Brief: All lines from the one containing "Hosting The Perfect" through the end of the data below are to be repeated exactly, with pictures left out.

(Dataset records)
::::
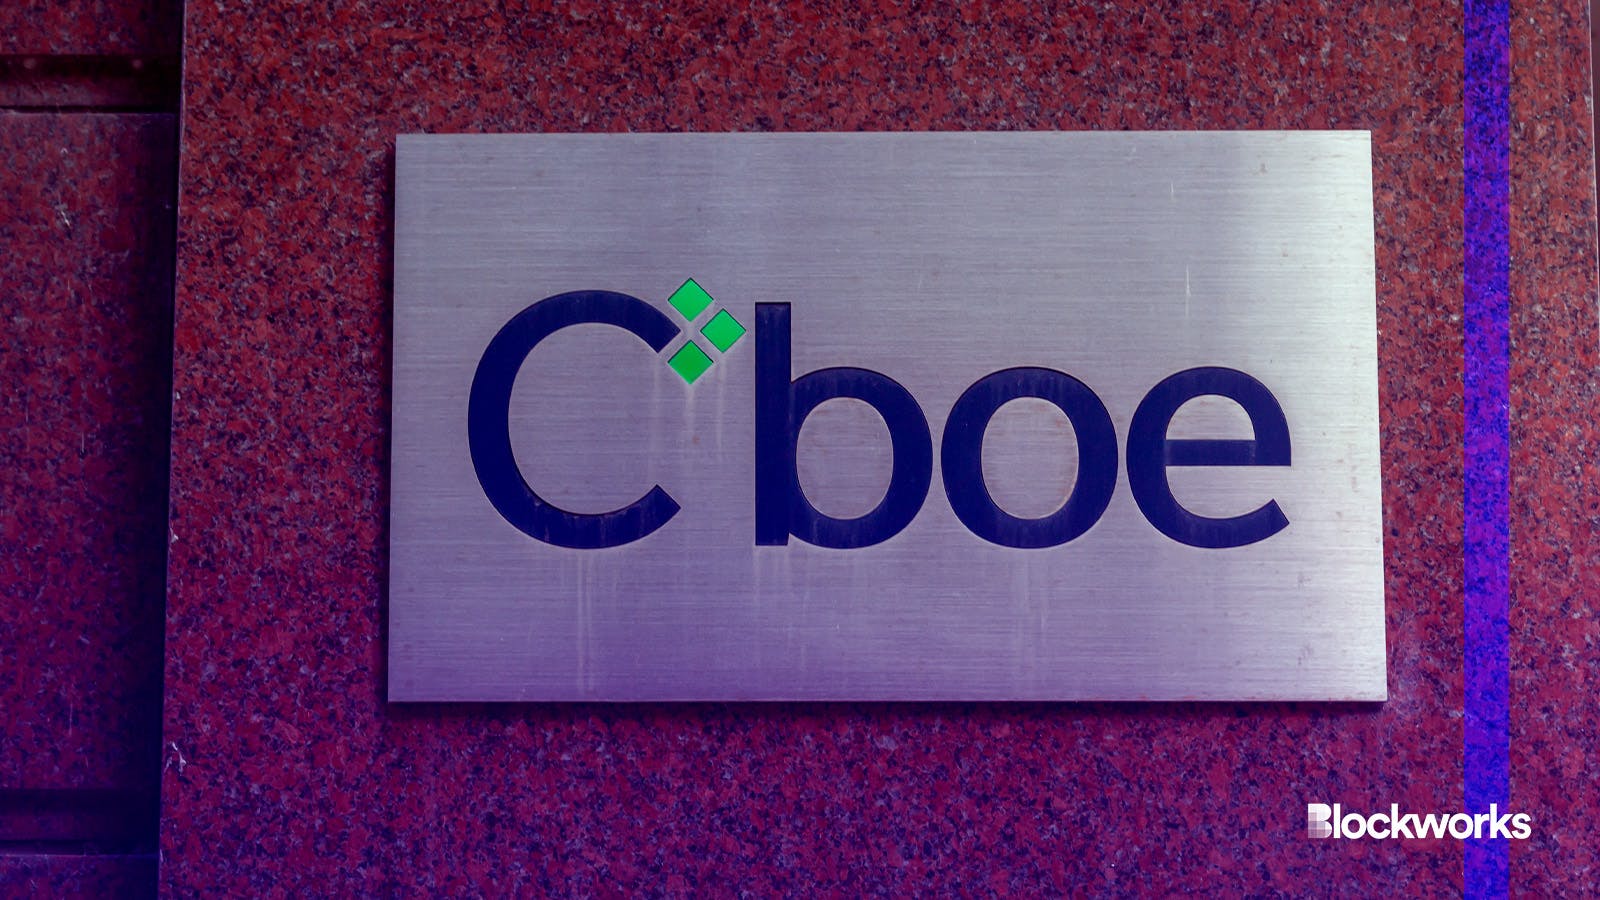 CBOE Digital president says a spot bitcoin ETF approval will promote derivatives growth
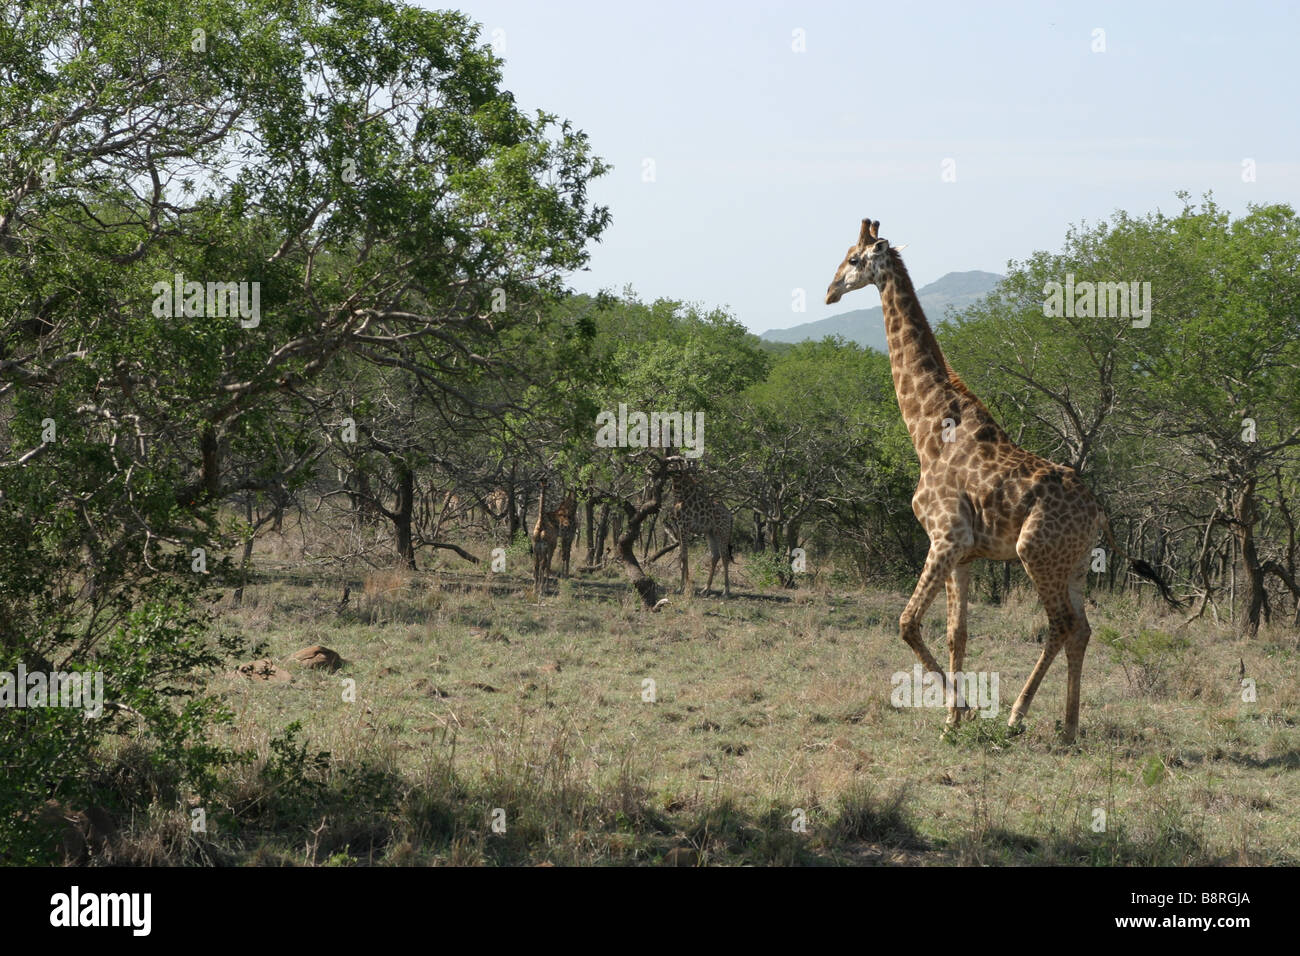 Picture of a giraffe in the wildlife Stock Photo
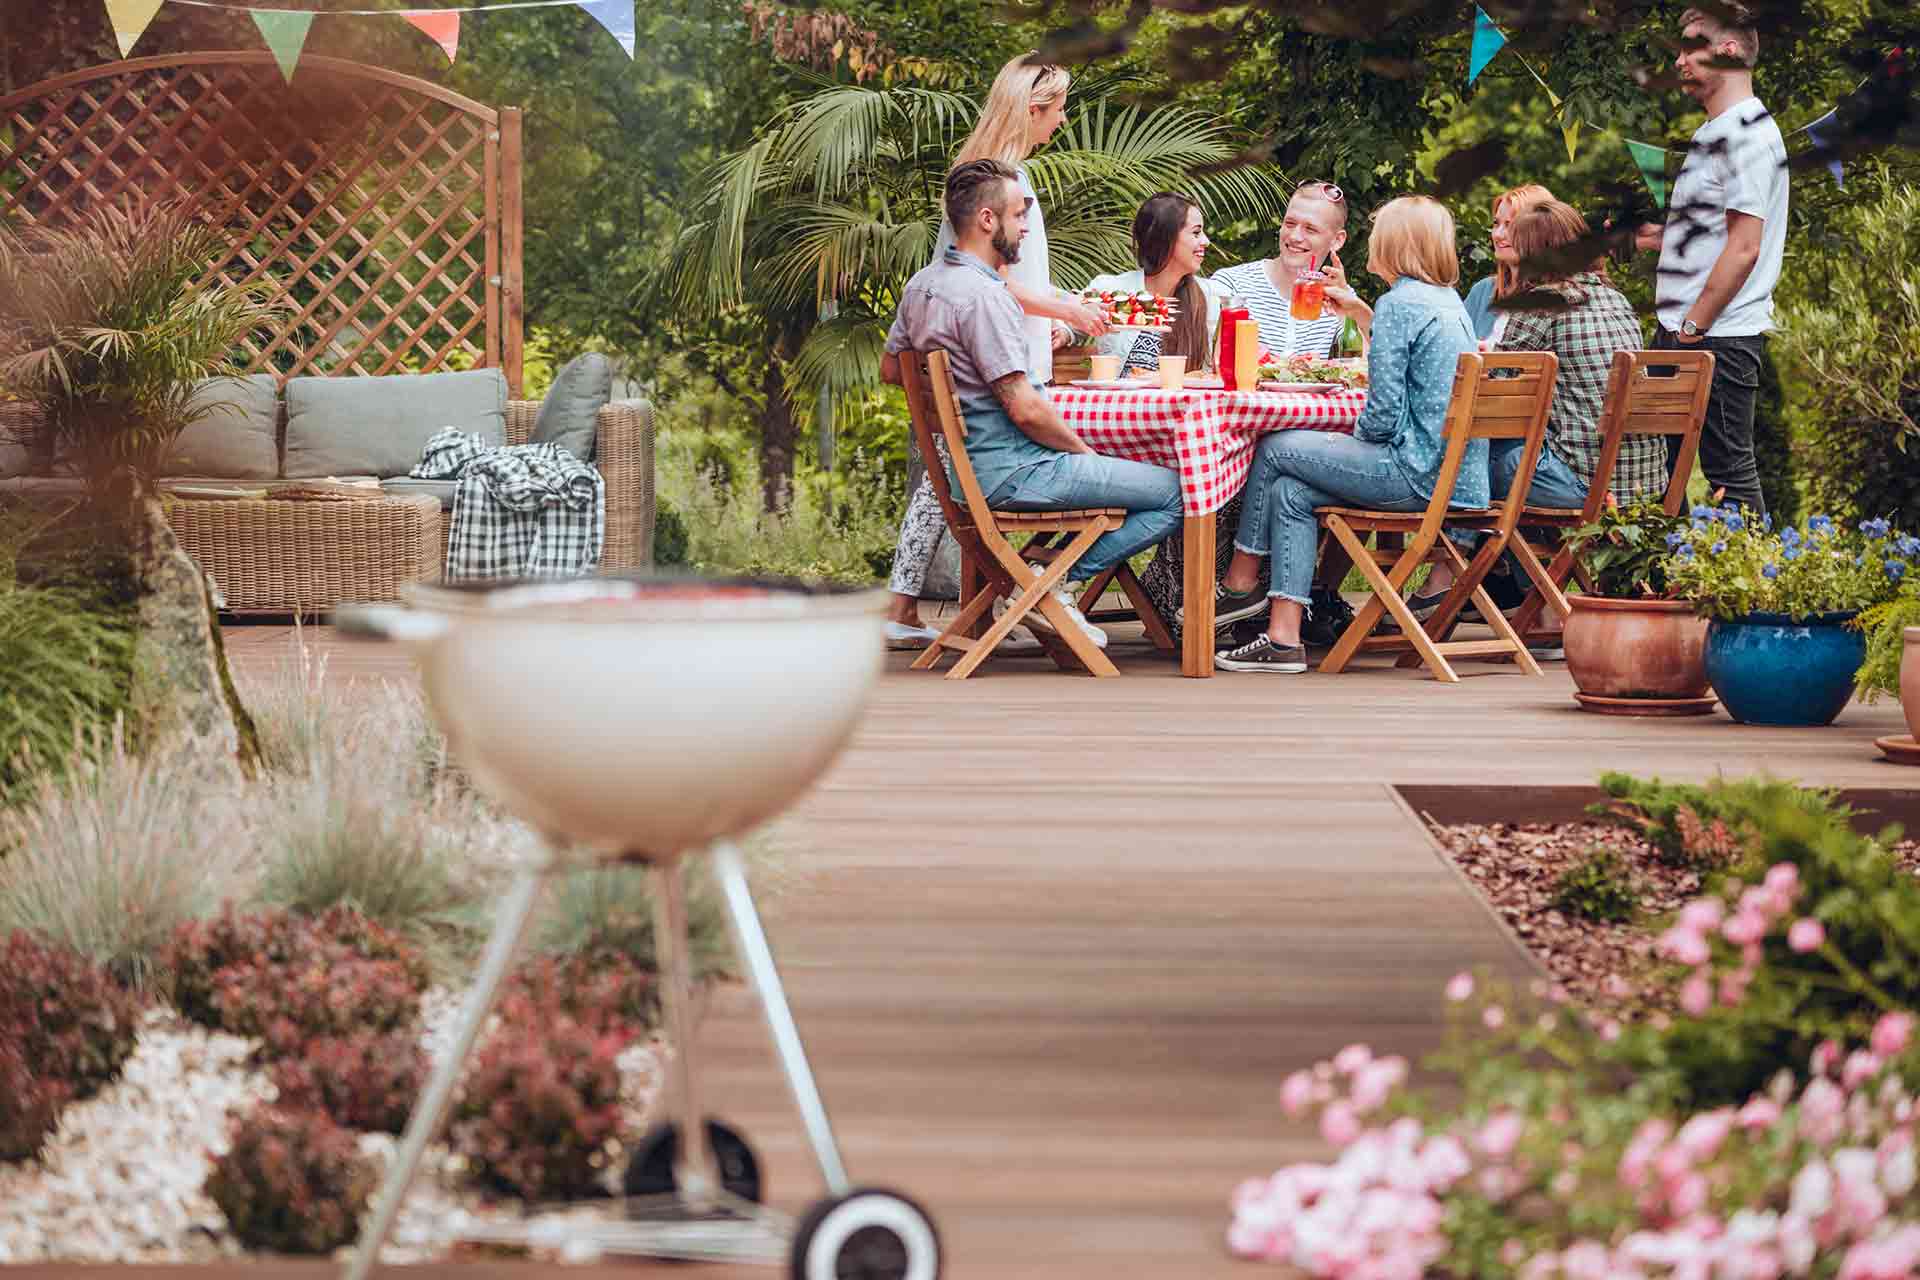 Hosting The Perfect Garden Party: 5 Top Preparation Tips
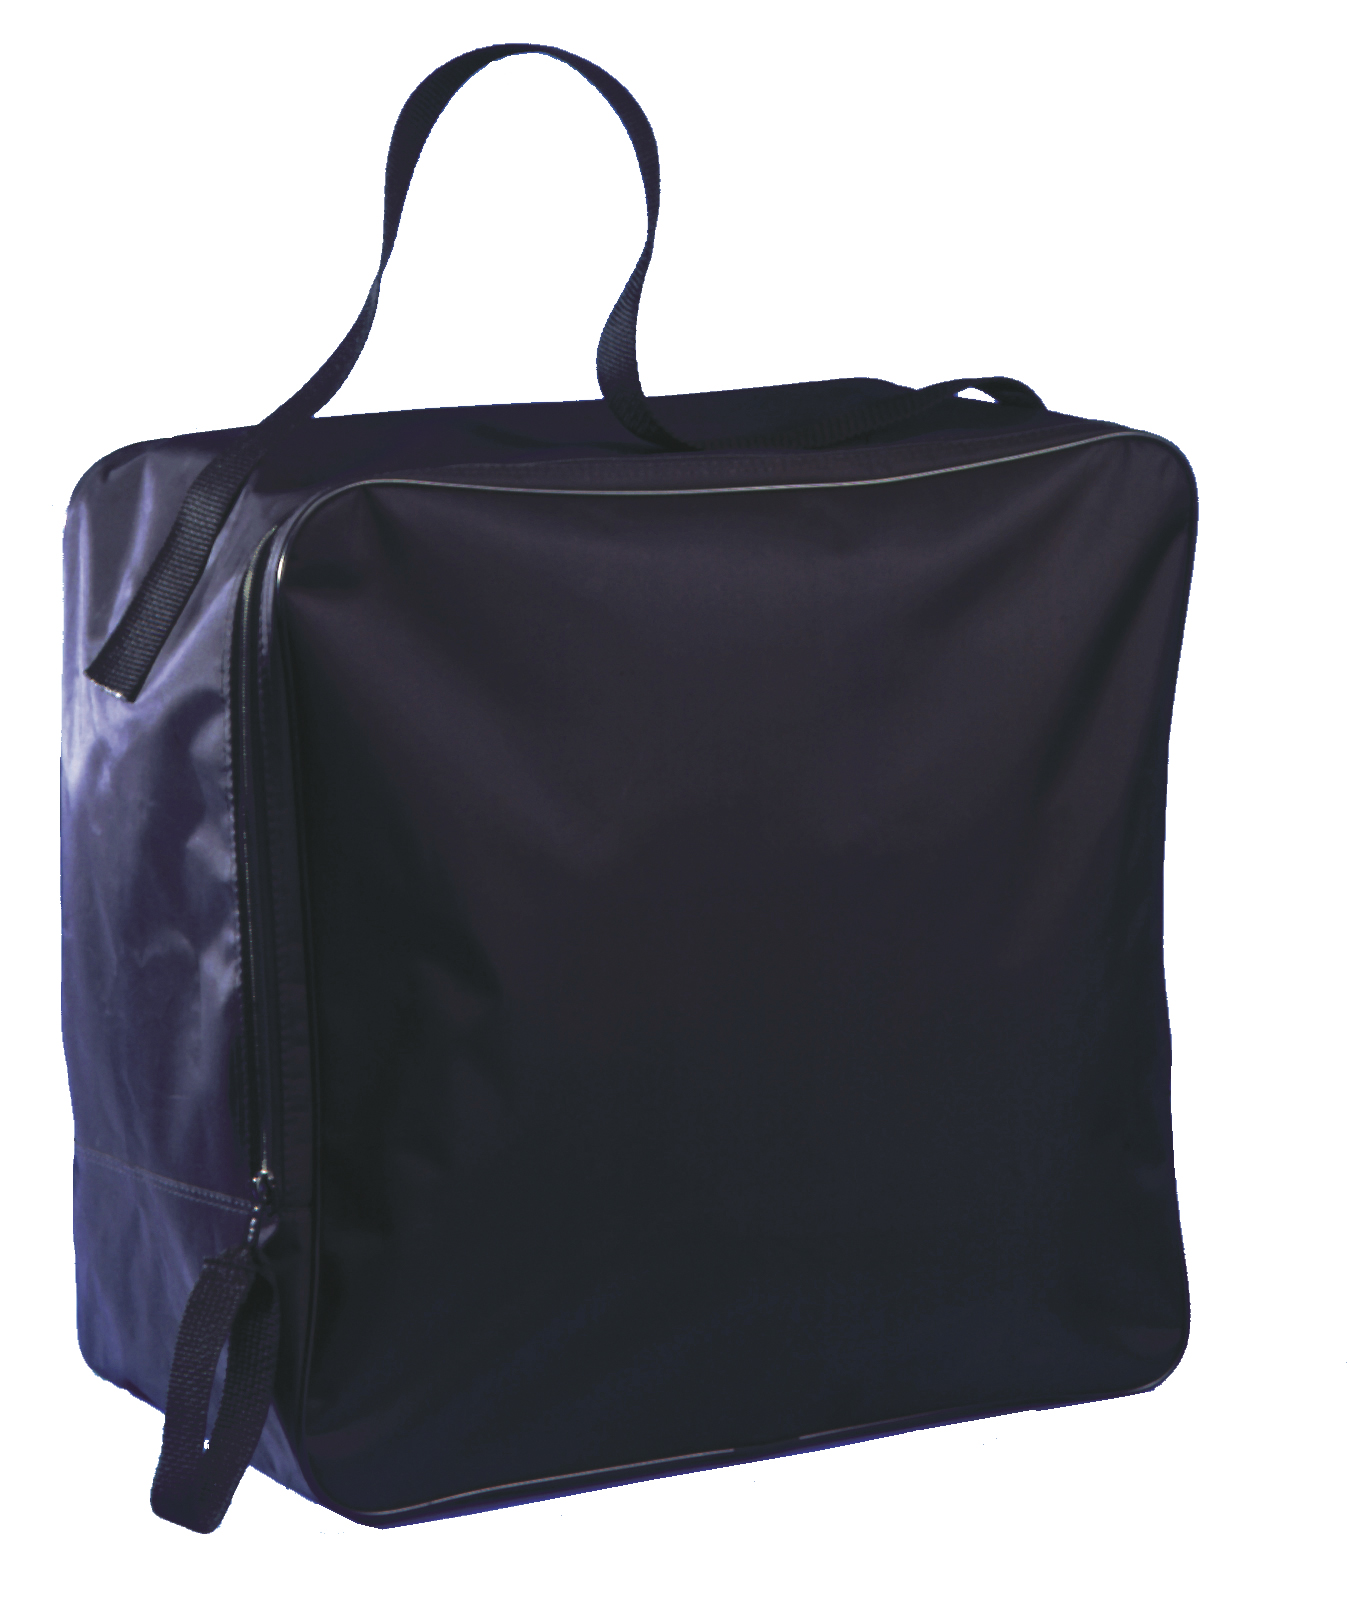 Unbranded Toilet Seat Carry Bag
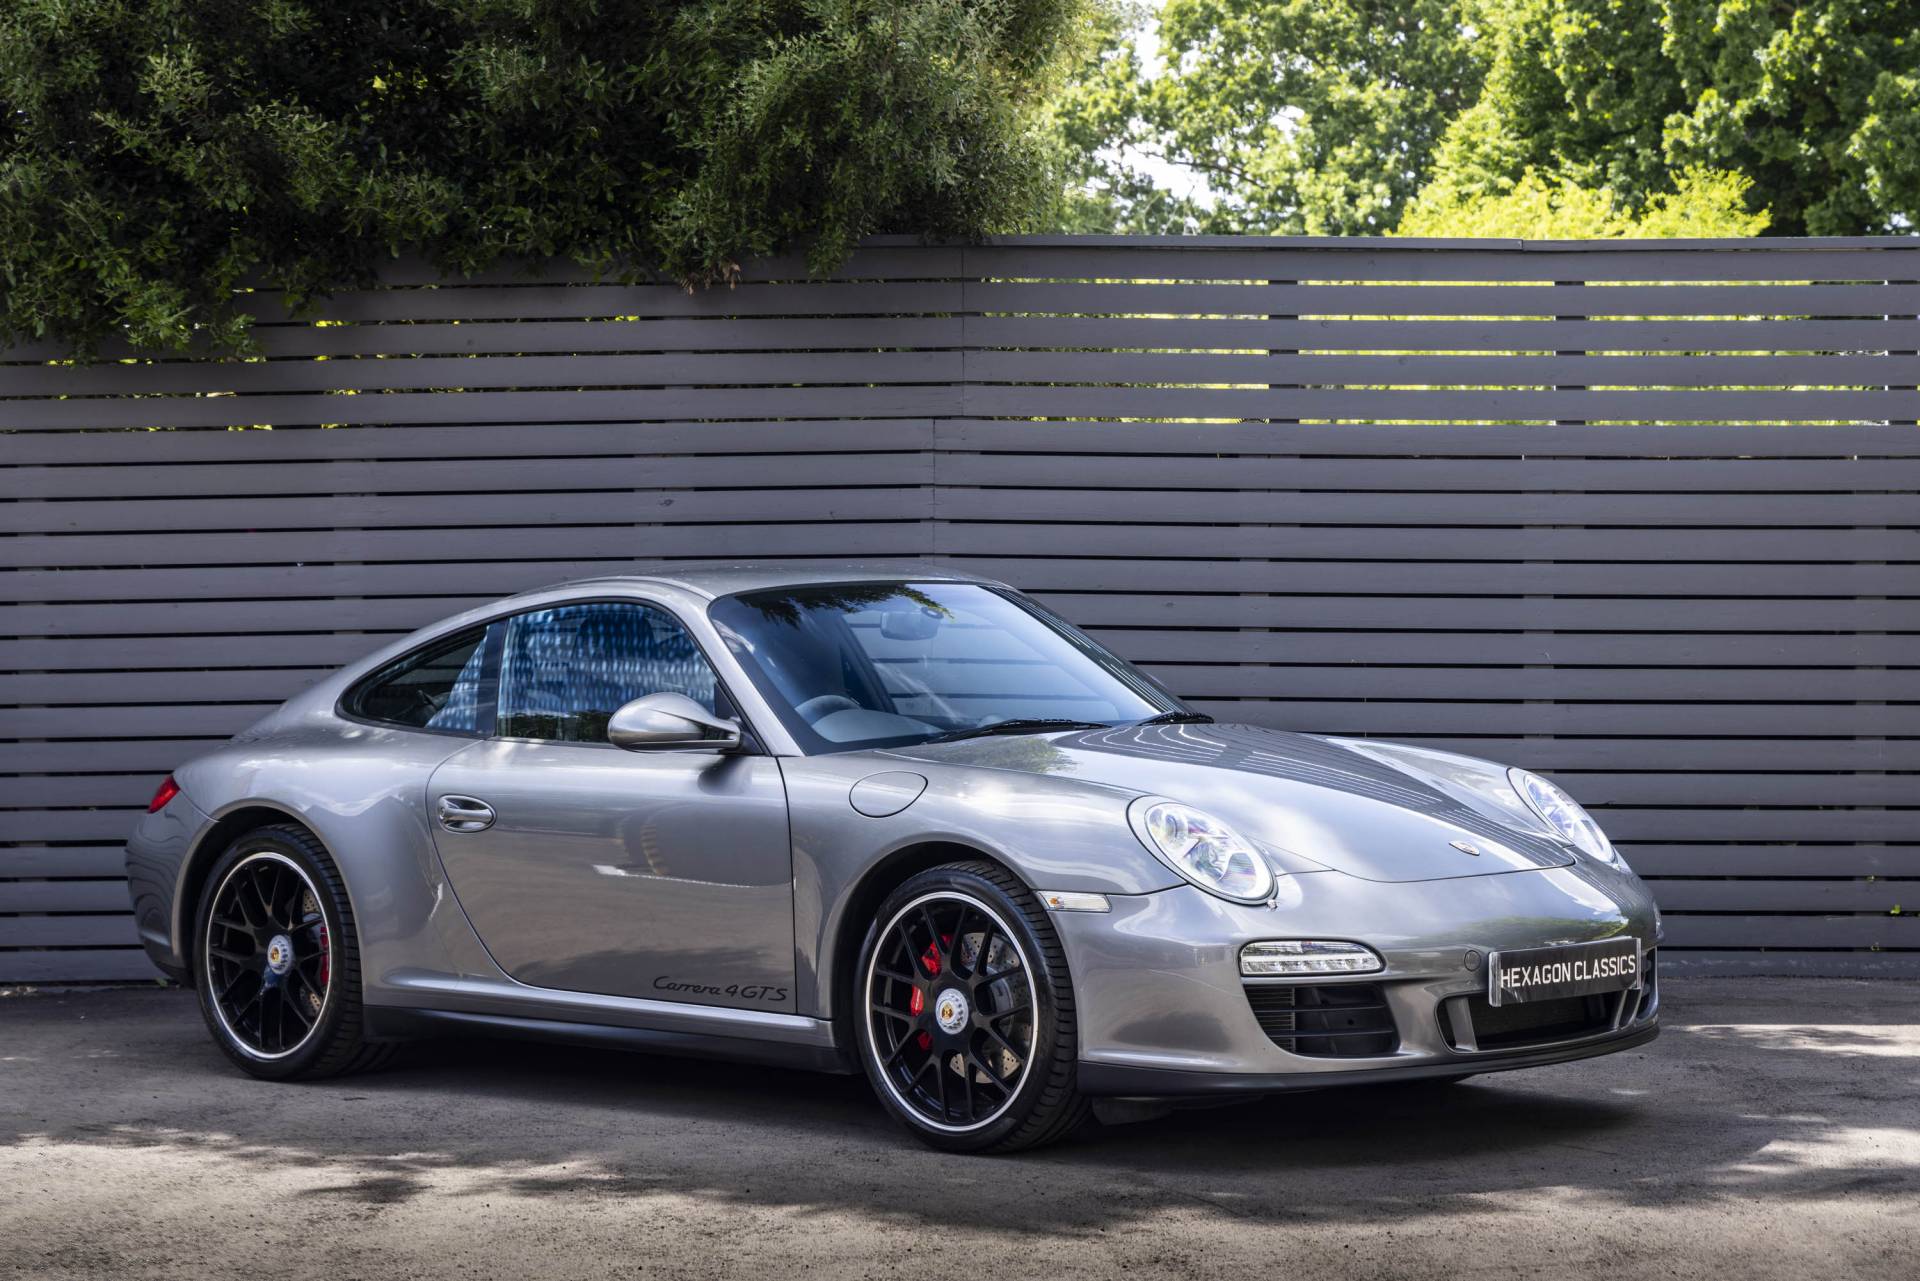 For Sale: Porsche 911 Carrera 4 GTS (2011) offered for GBP 69,995
::::
Final answer:
 Hosting The Perfect Garden Party: 5 Top Preparation Tips
 Unbranded Toilet Seat Carry Bag
 For Sale: Porsche 911 Carrera 4 GTS (2011) offered for GBP 69,995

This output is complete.